COLLECTED DATA:

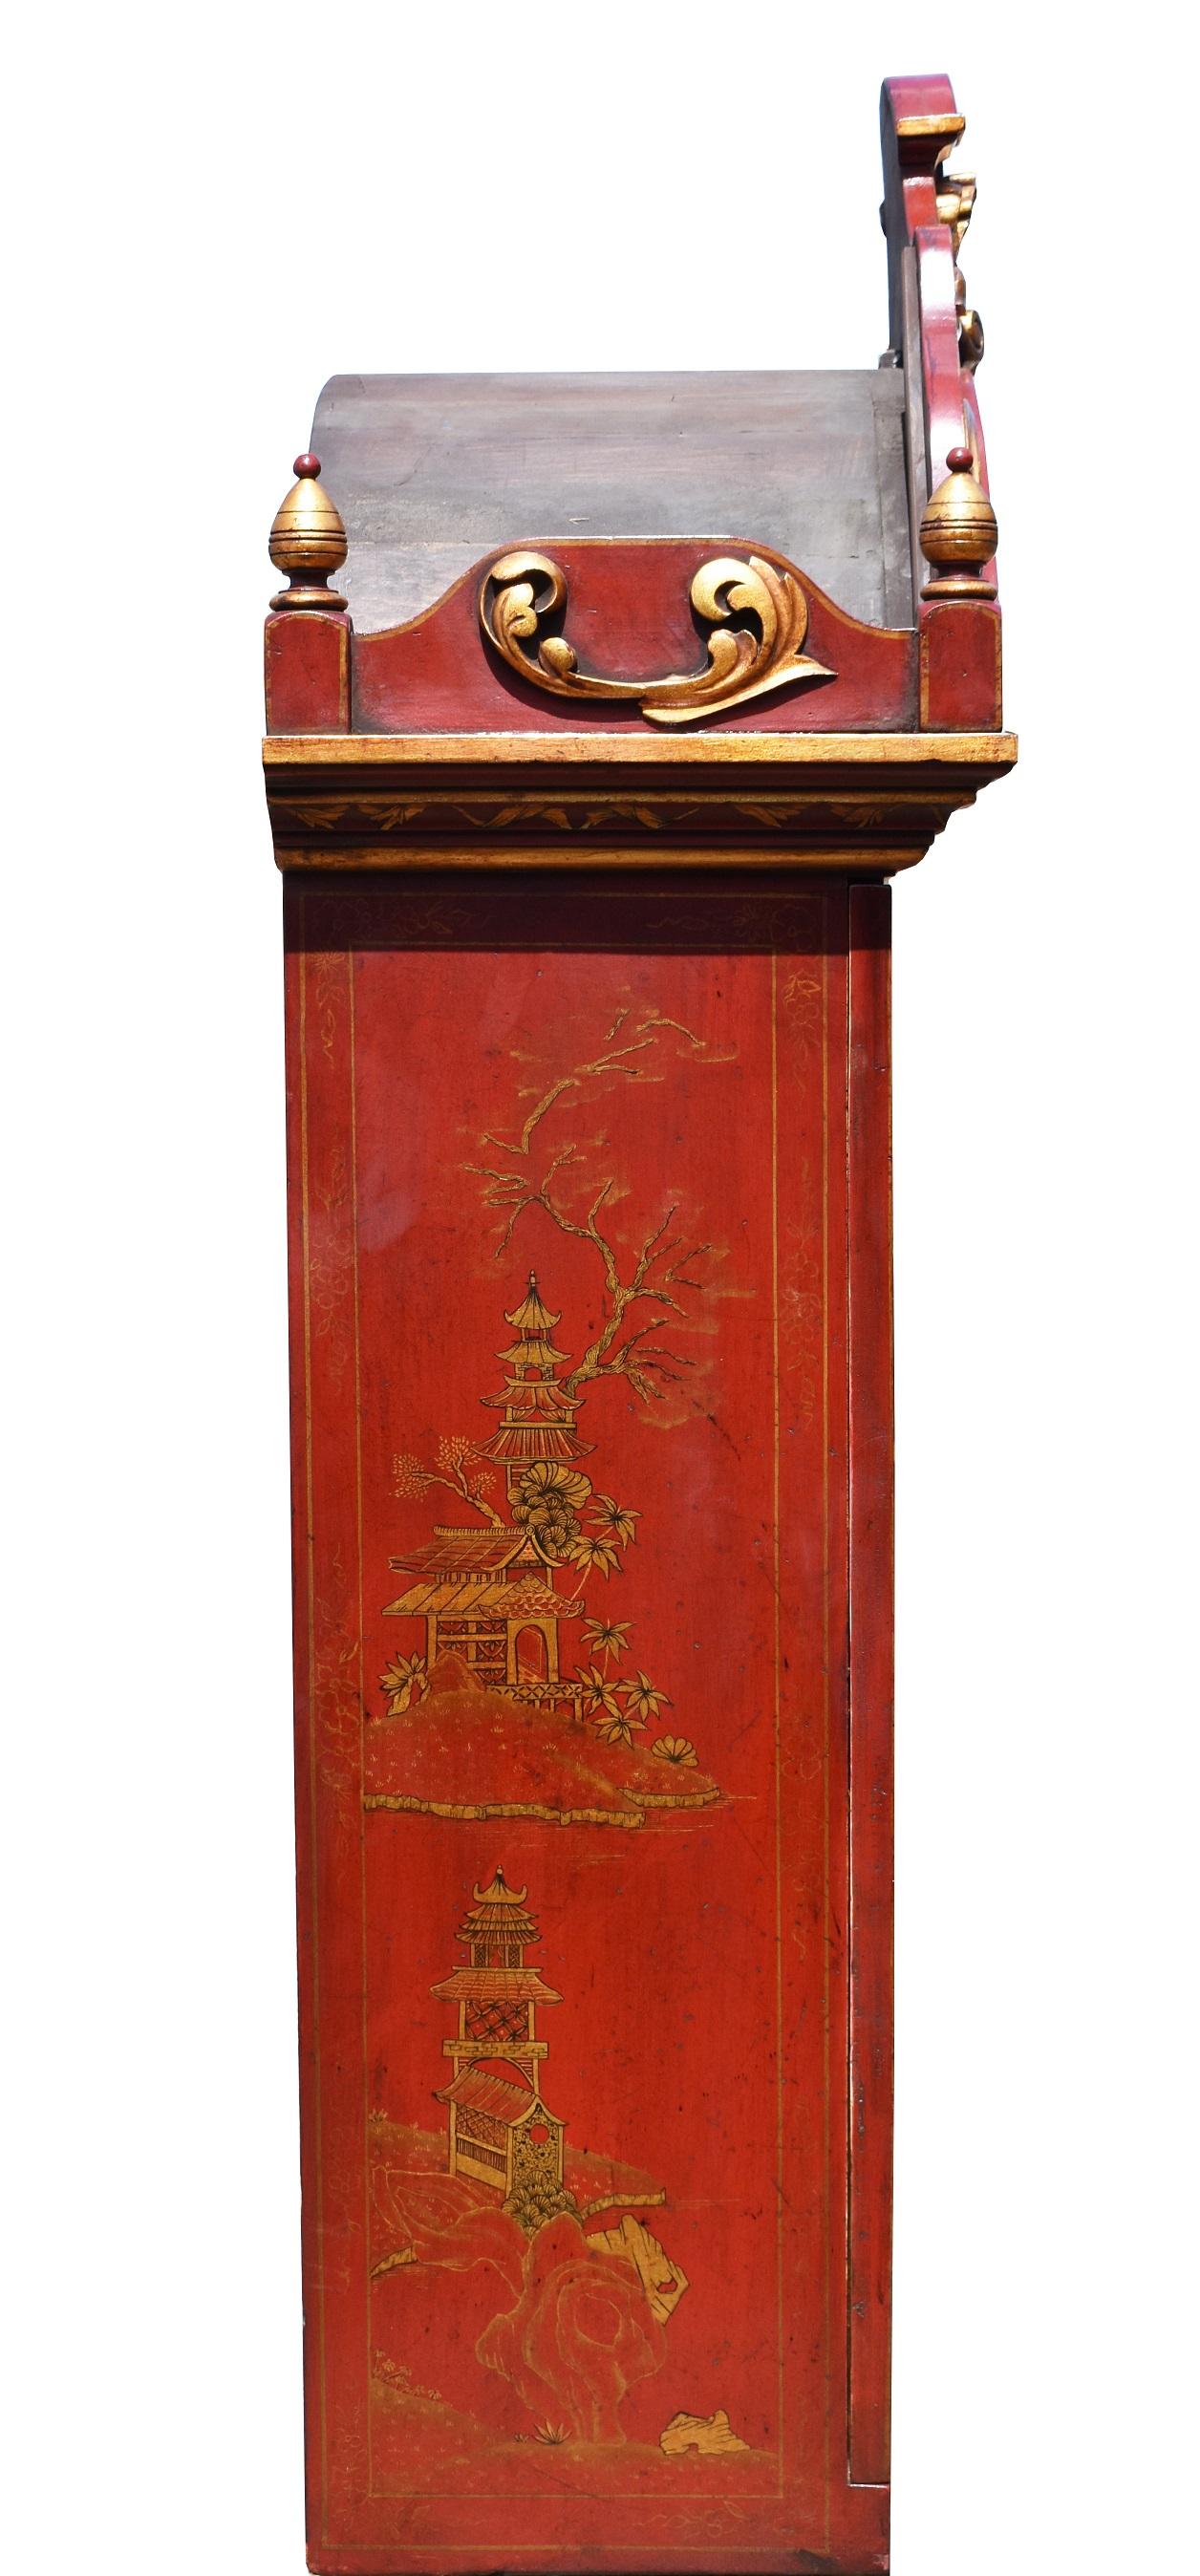 18th Century Lacquer and Gilt Chinoiserie Bureau Bookcase In Good Condition For Sale In Chelmsford, Essex
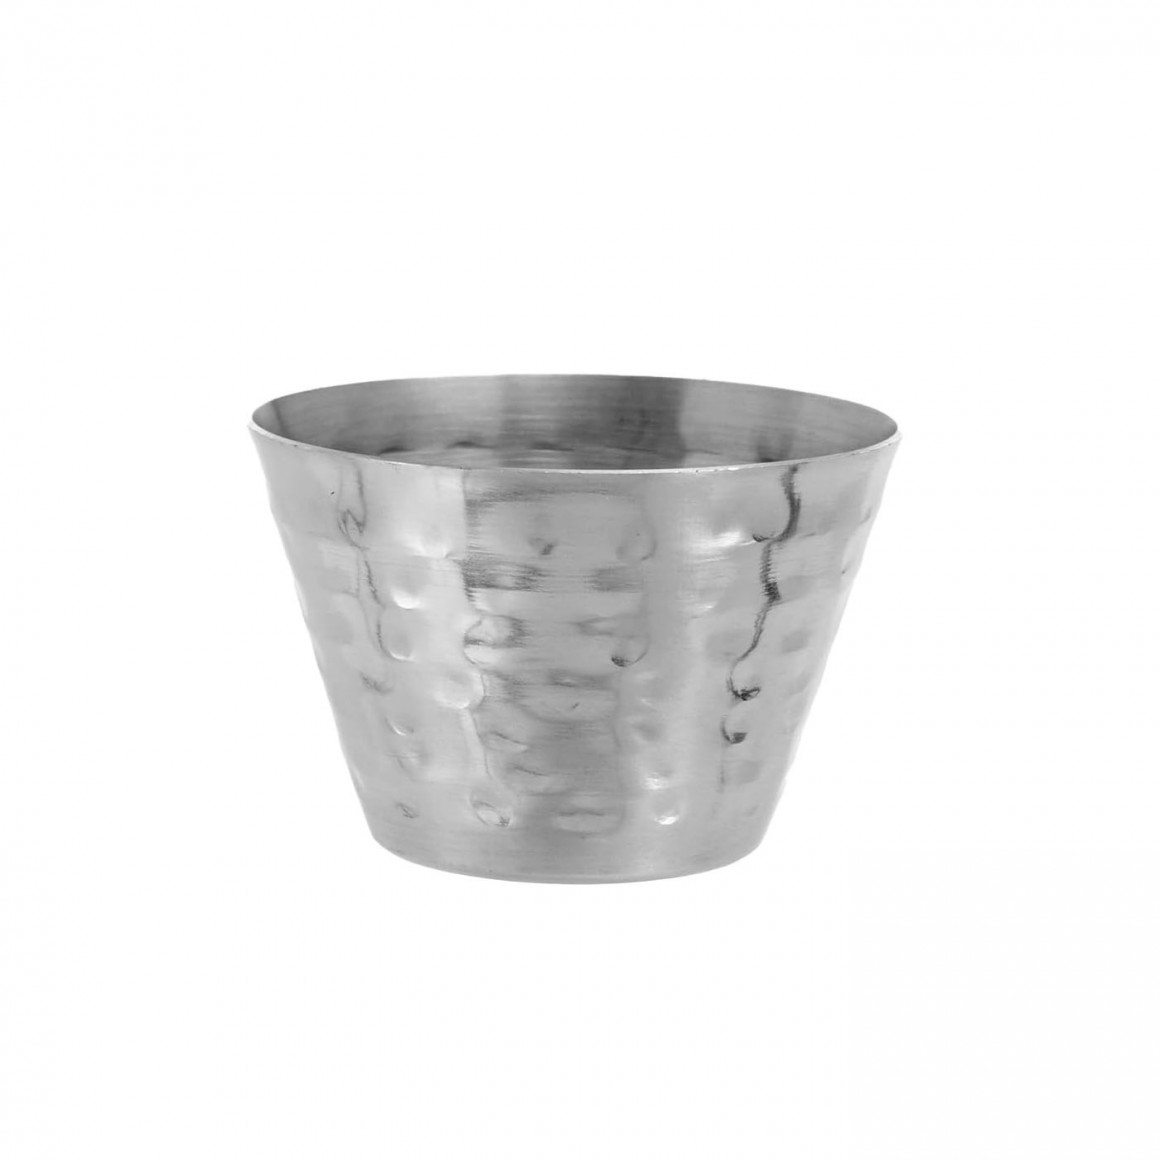 SAUCE CUP, STAINLESS STEEL, ROUND, HAMMERED, 4 OZ.
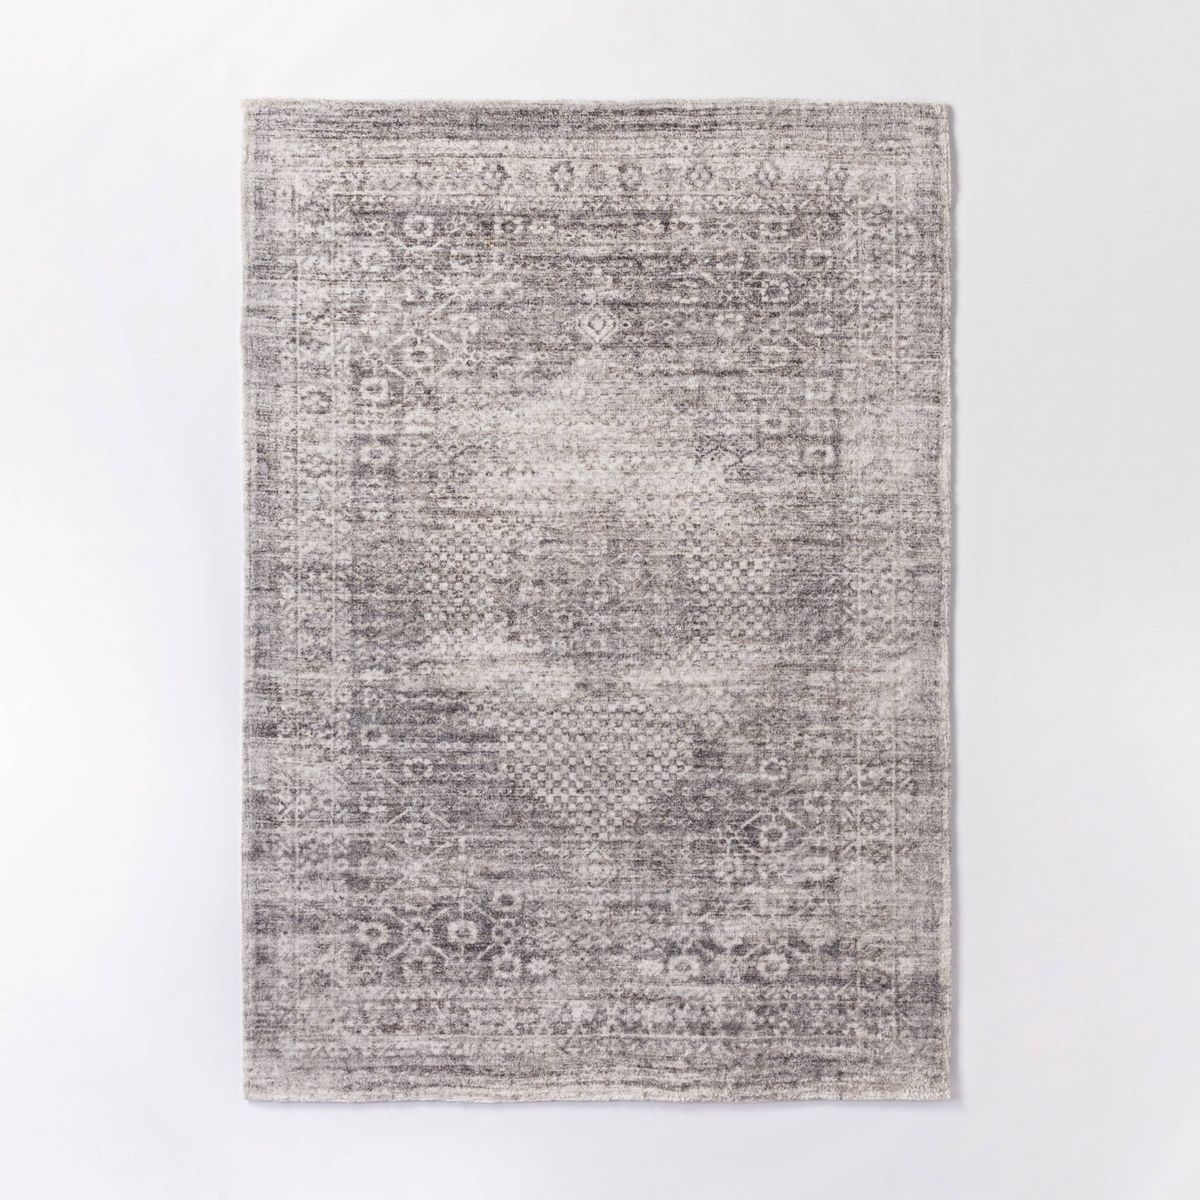 Millcreek Distressed Vintage Persian Rug Charcoal - Threshold™ designed with Studio Mcgee | Target
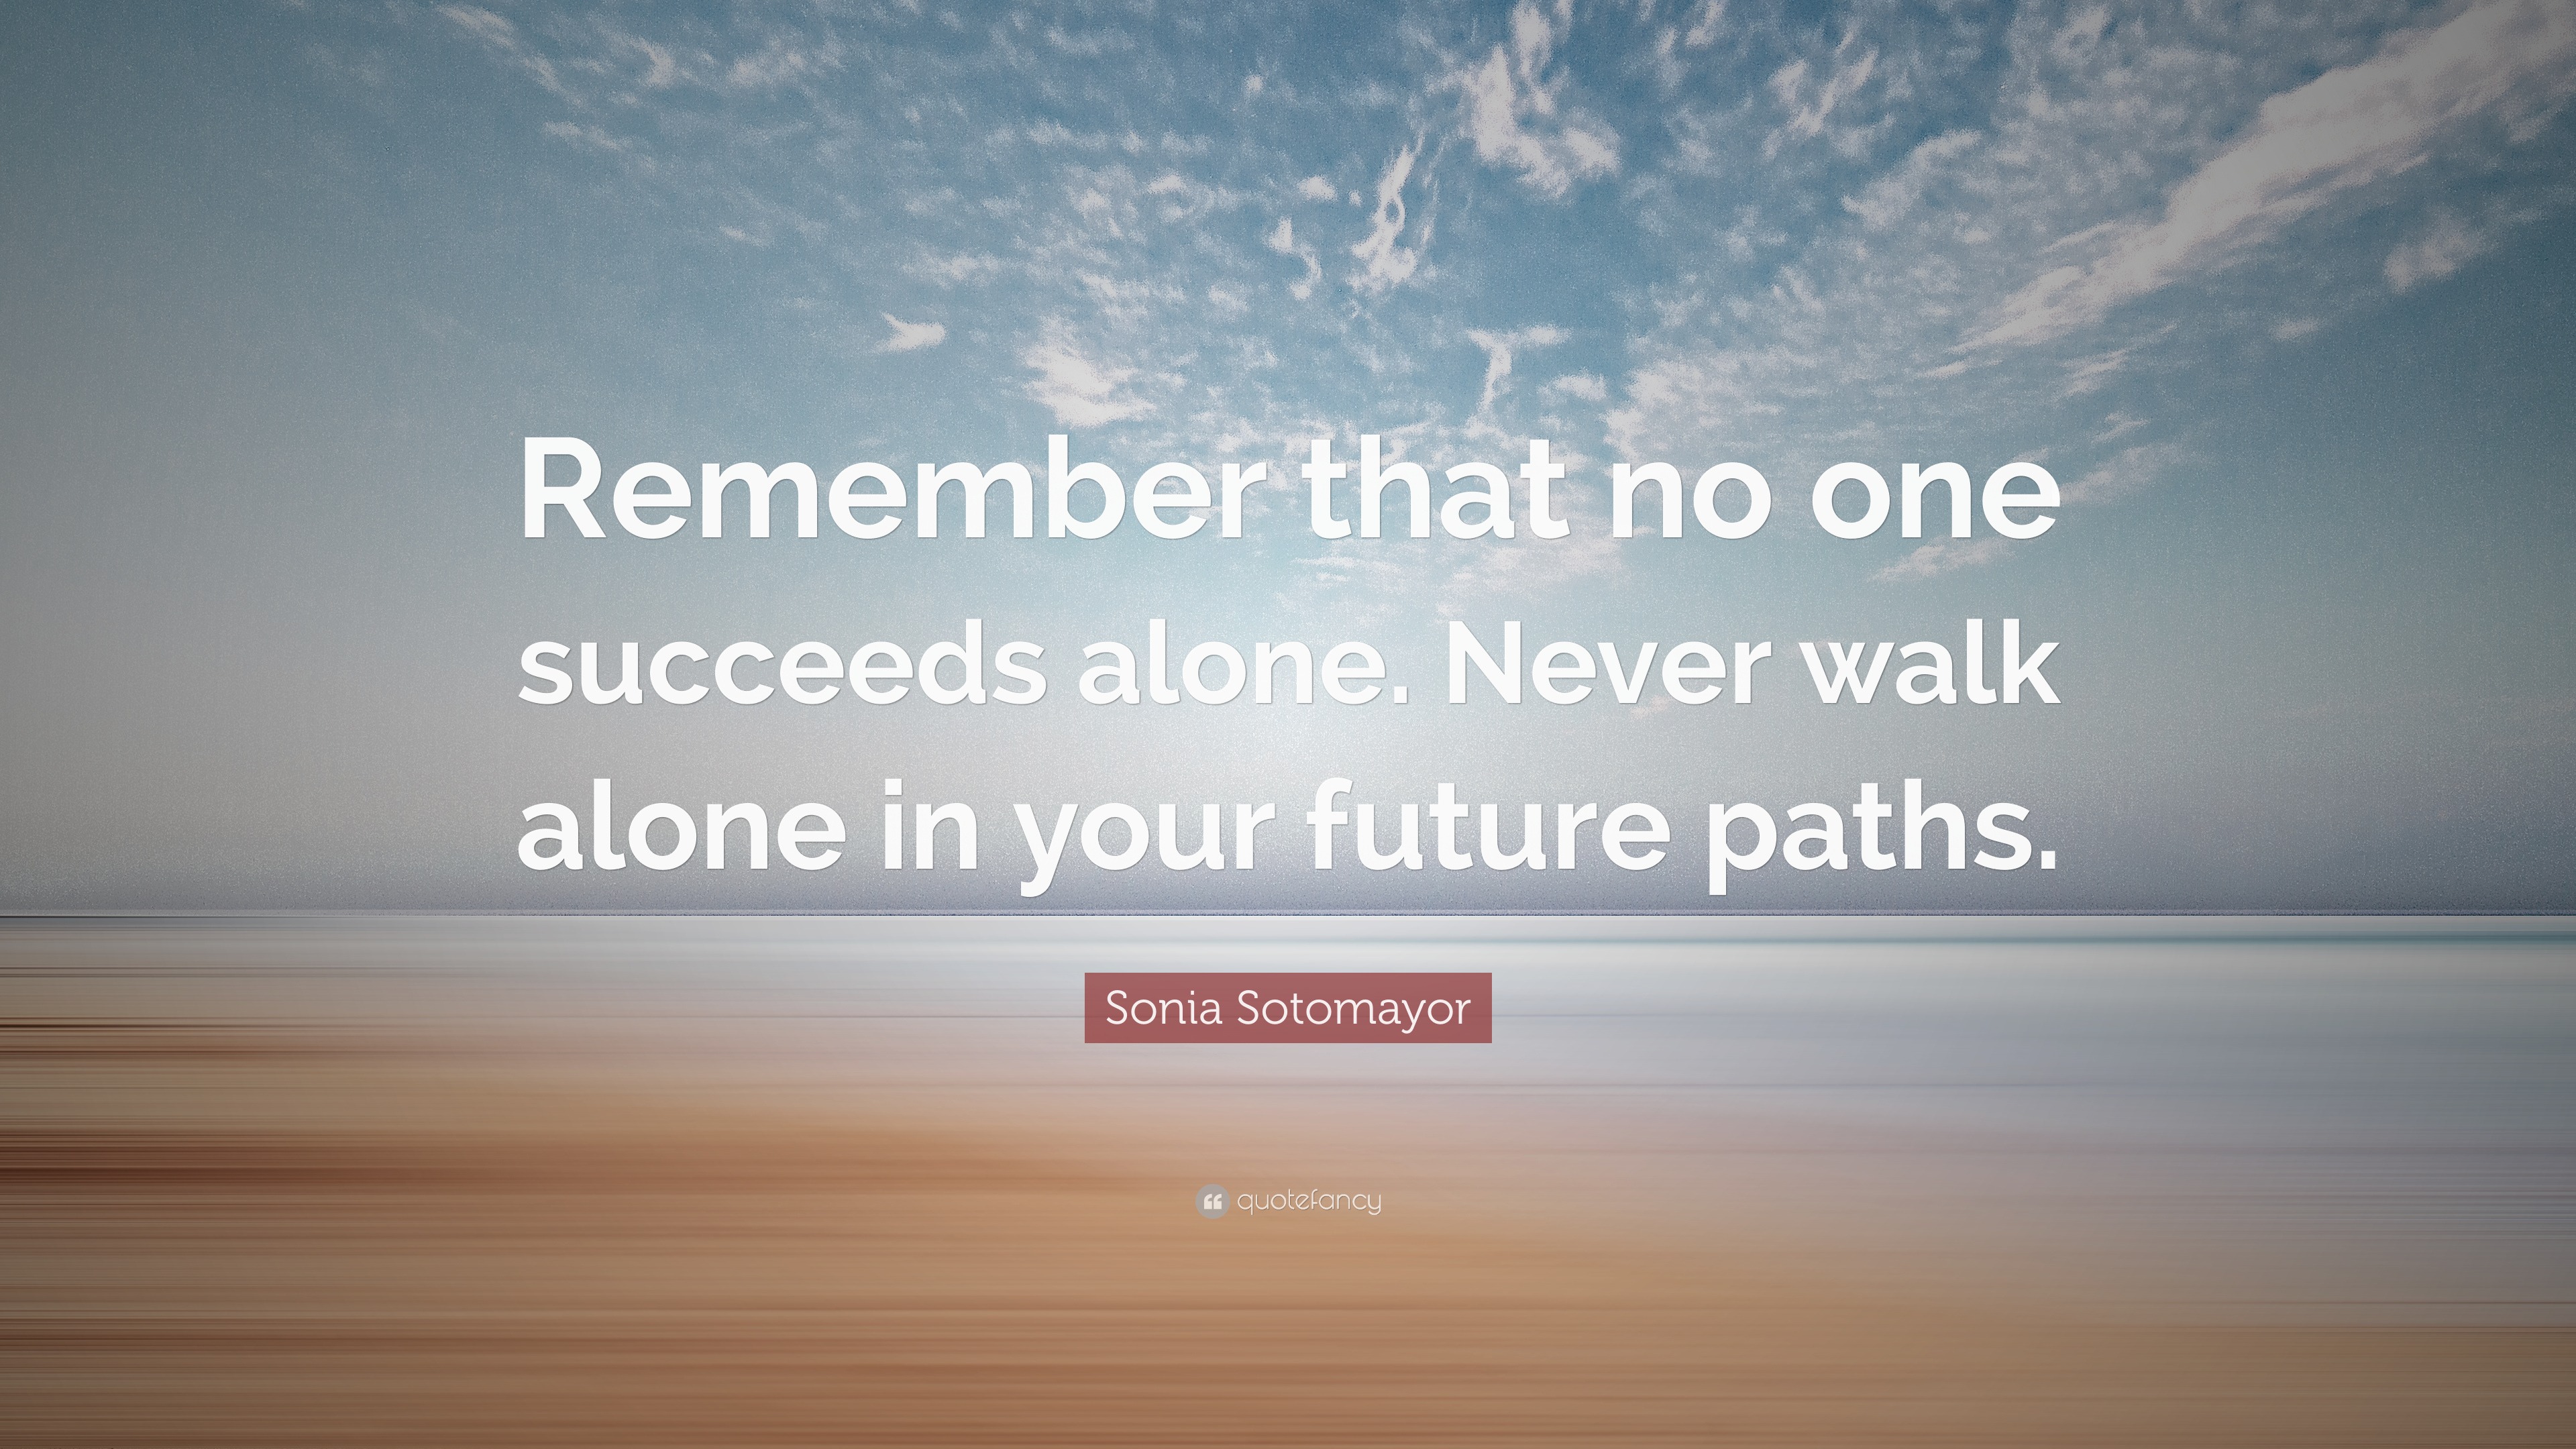 2283326 Sonia Sotomayor Quote Remember that no one succeeds alone Never

WHAT IS REQUIRED: Omitting all pictures, set the listing down exactly.

ANSWER SPACE:
 18th Century Lacquer and Gilt Chinoiserie Bureau Bookcase In Good Condition For Sale In Chelmsford, Essex
 SAUCE CUP, STAINLESS STEEL, ROUND, HAMMERED, 4 OZ.
 Millcreek Distressed Vintage Persian Rug Charcoal - Threshold™ designed with Studio Mcgee | Target
 2283326 Sonia Sotomayor Quote Remember that no one succeeds alone Never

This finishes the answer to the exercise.